The same response, that was sent to journalists on their request before the publication, contains the following:

“In case of further misinformation of the population and insufficient verification of information by the editorial staff of the program, the Office of the President will have to go to court to establish the truth and to refute the false facts.”

As soon as the article was published, the presidential office reported that it is waiting for apologies for the misinformation and is filing a lawsuit against Skhemy journalists.

Whatever the truth is, the suggestion that President Zelenskyy visited Oman to secretly negotiate with Russian officials became possible because of the vague nature of this visit and the Office’s failure to properly inform the public of all presidential activities during Zelenskyy’s 4-day-long stay in the Gulf country.

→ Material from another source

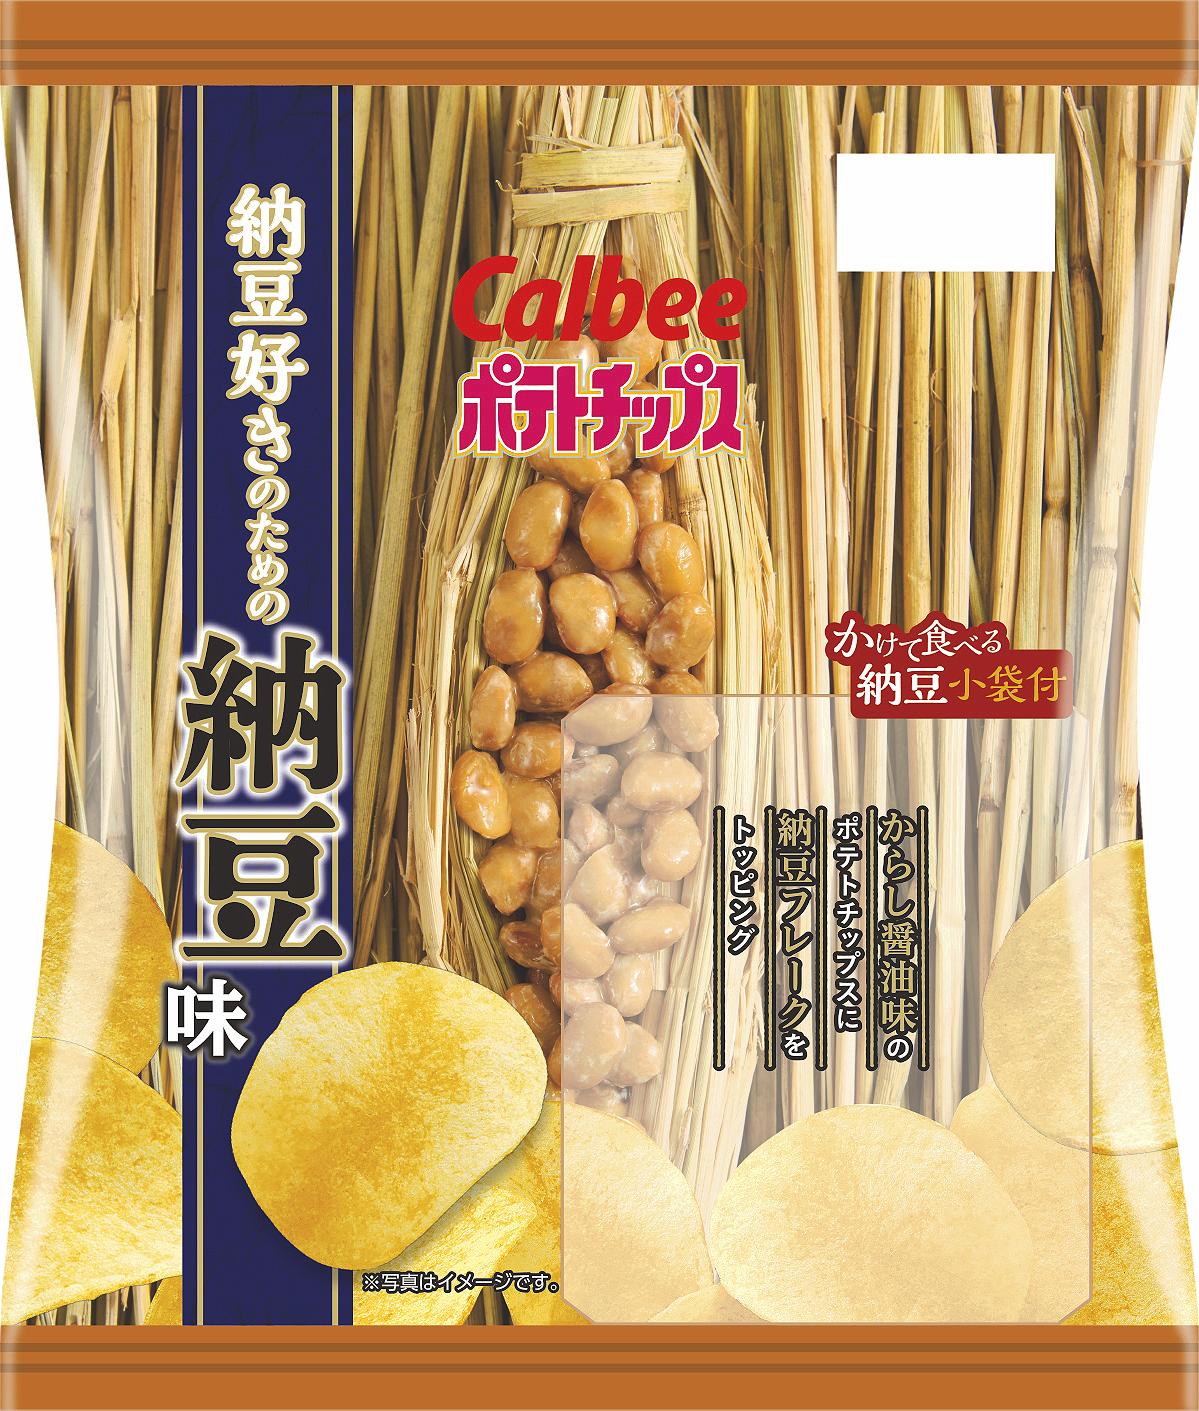 ポテトチップス 納豆好きのための納豆味
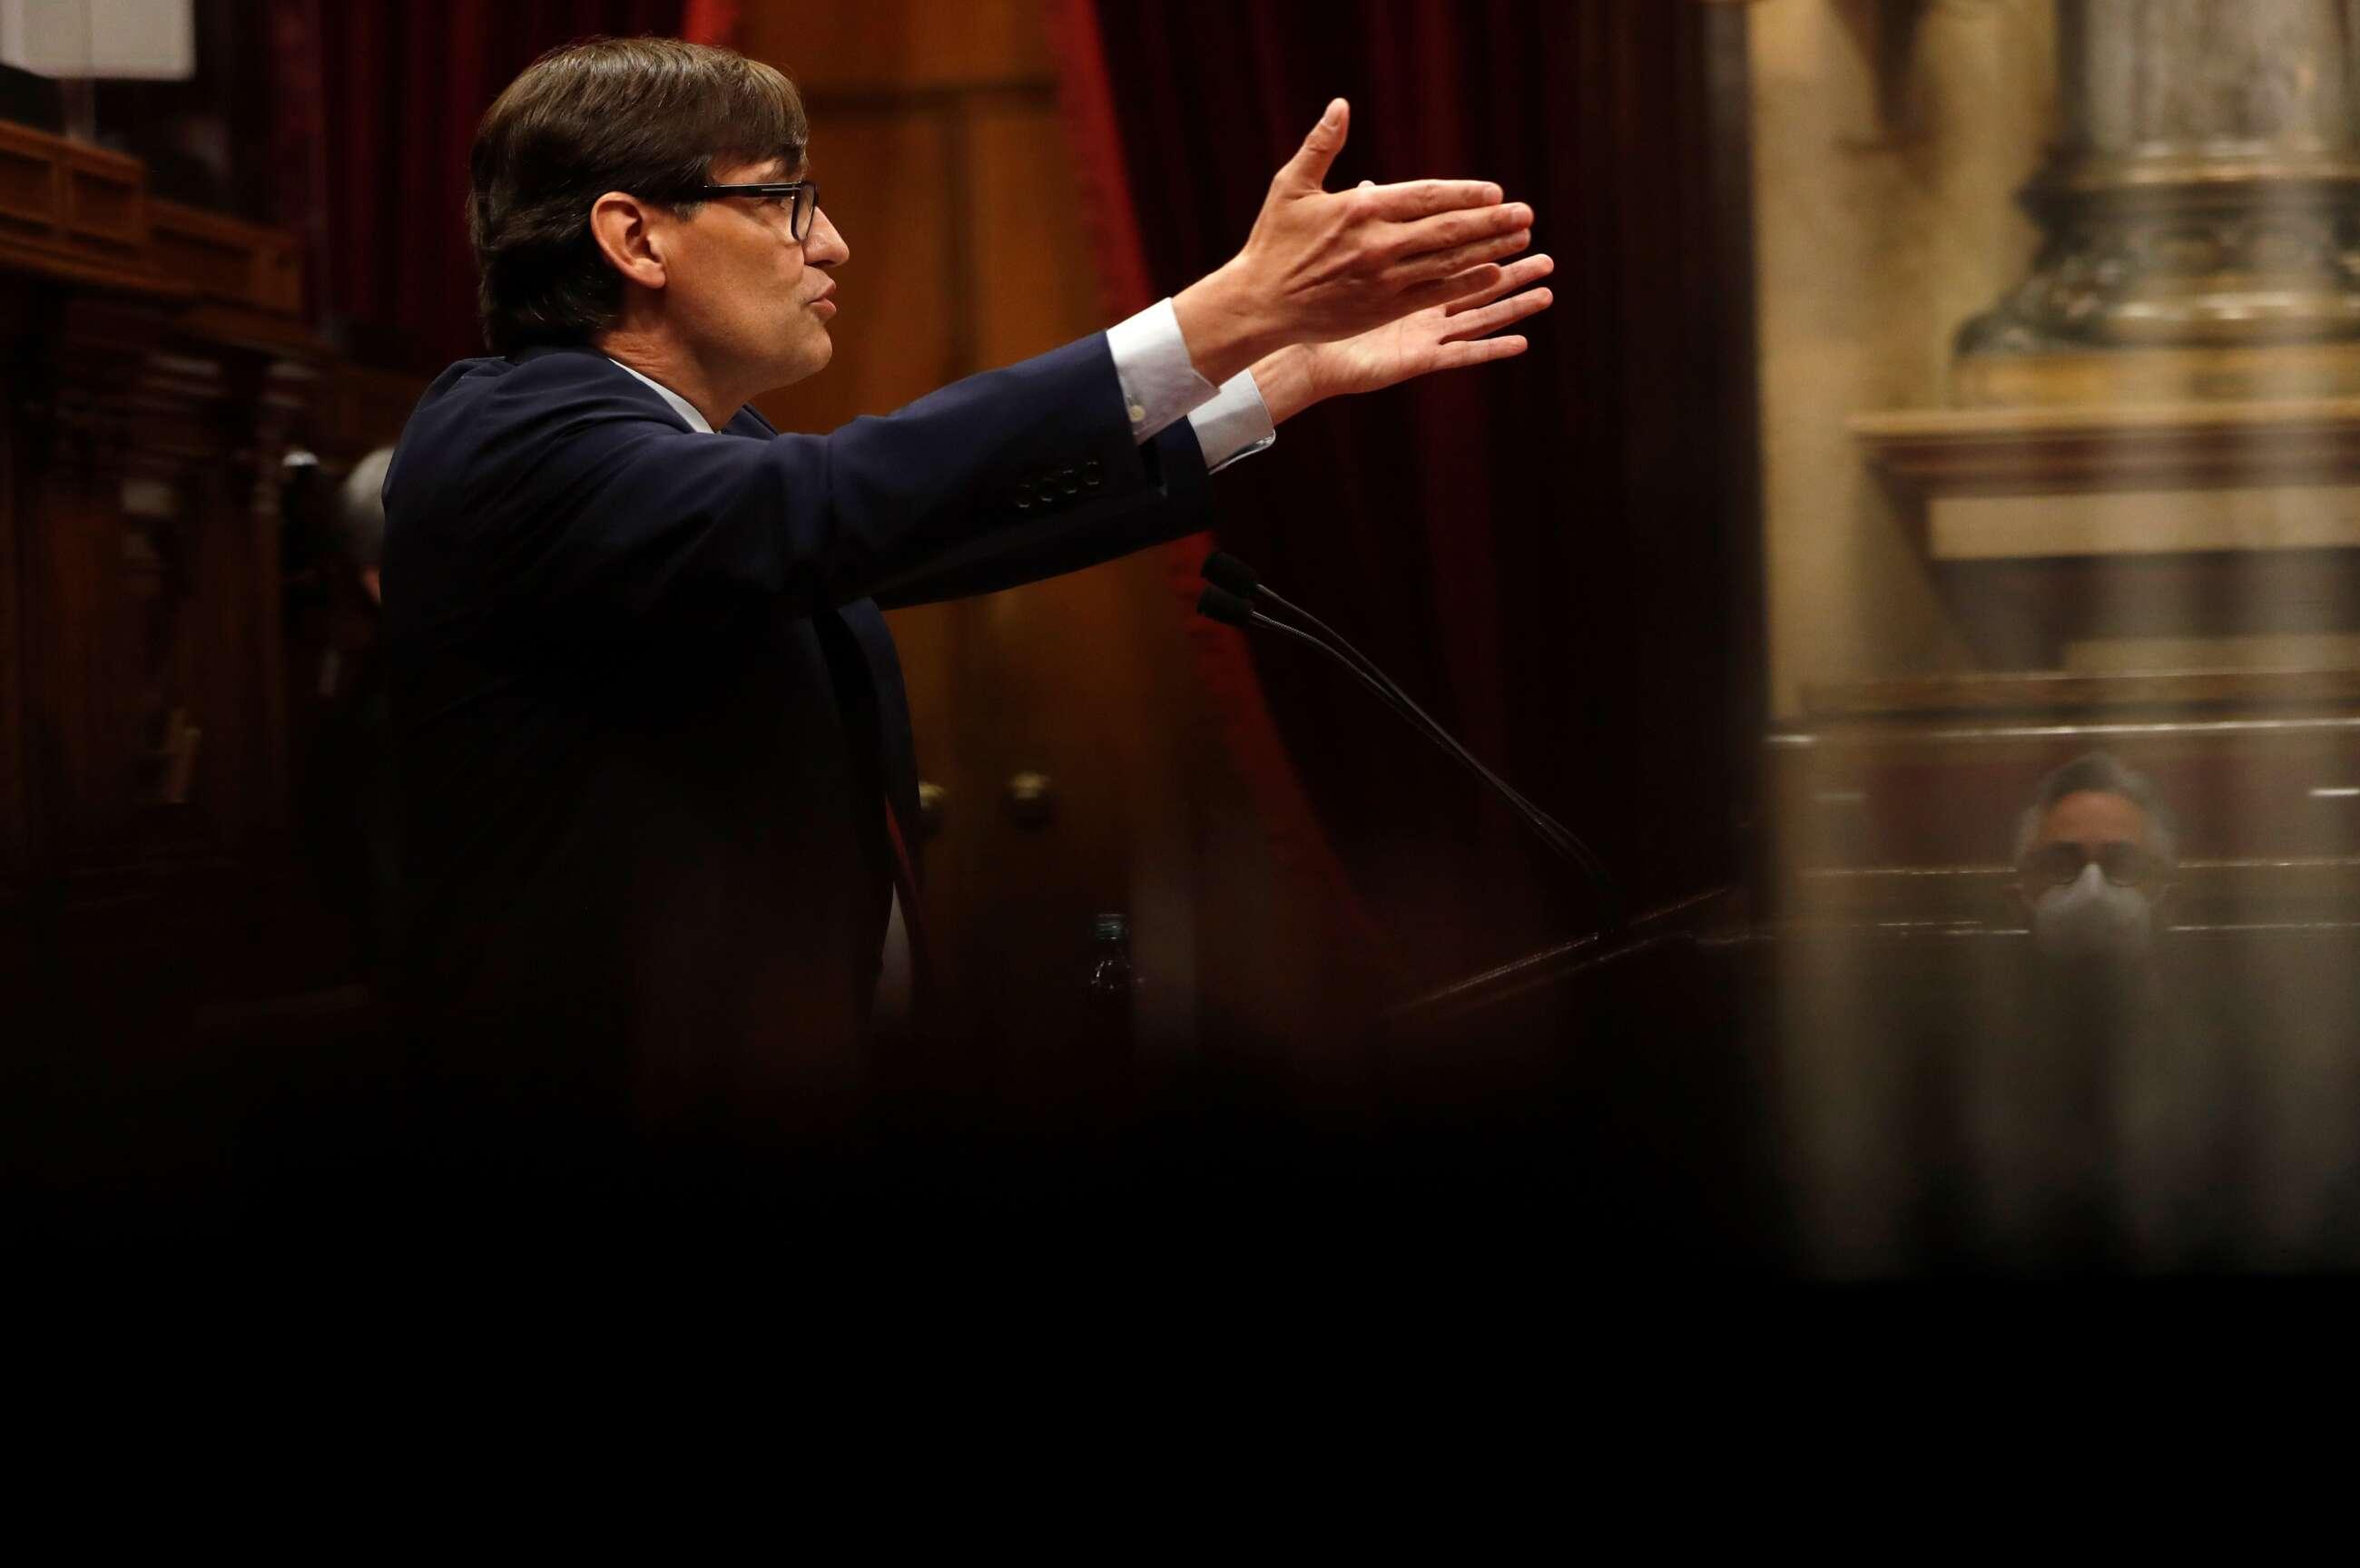 El líder del PSC en el Parlament, Salvador Illa, interviene durante la primera jornada del debate de investidura de Pere Aragonès, esta tarde en el Parlamento de Cataluña. EFE/Alberto Estévez/POOL

That’s why influential Ukrainian organizations, including the Capitulation Resistance Movement, demand a full account of presidential activities on his January trip to Oman.

Following the petition filed by European Solidarity MP Oleksiy Honcharenko, the National Agency for Prevention of Corruption has begun an inquiry to ascertain whether Zelenskyy had to make changes to his public financial declaration, updating it with his spendings on the visit to Oman that was conducted, as the Presidential Office put it, at his own expense.

At the same time, Honcharenko initiated the creation of a temporary investigative commission in the Verkhovna Rada. If the Rada supports his proposal, the commission will conduct a public investigation to confirm or refute claims made by the journalists of Skhemy. If the fact of Zelenskyy meeting with Patrushev is confirmed by the commission, the procedure of impeachment can be launched and Zelenskyy may be accused of state treason, states Honcharenko. The impeachment prospects, however, would be unrealistic, given the pro-Zelenskyy “mono-coalition” of the Servant of the People party in Parliament.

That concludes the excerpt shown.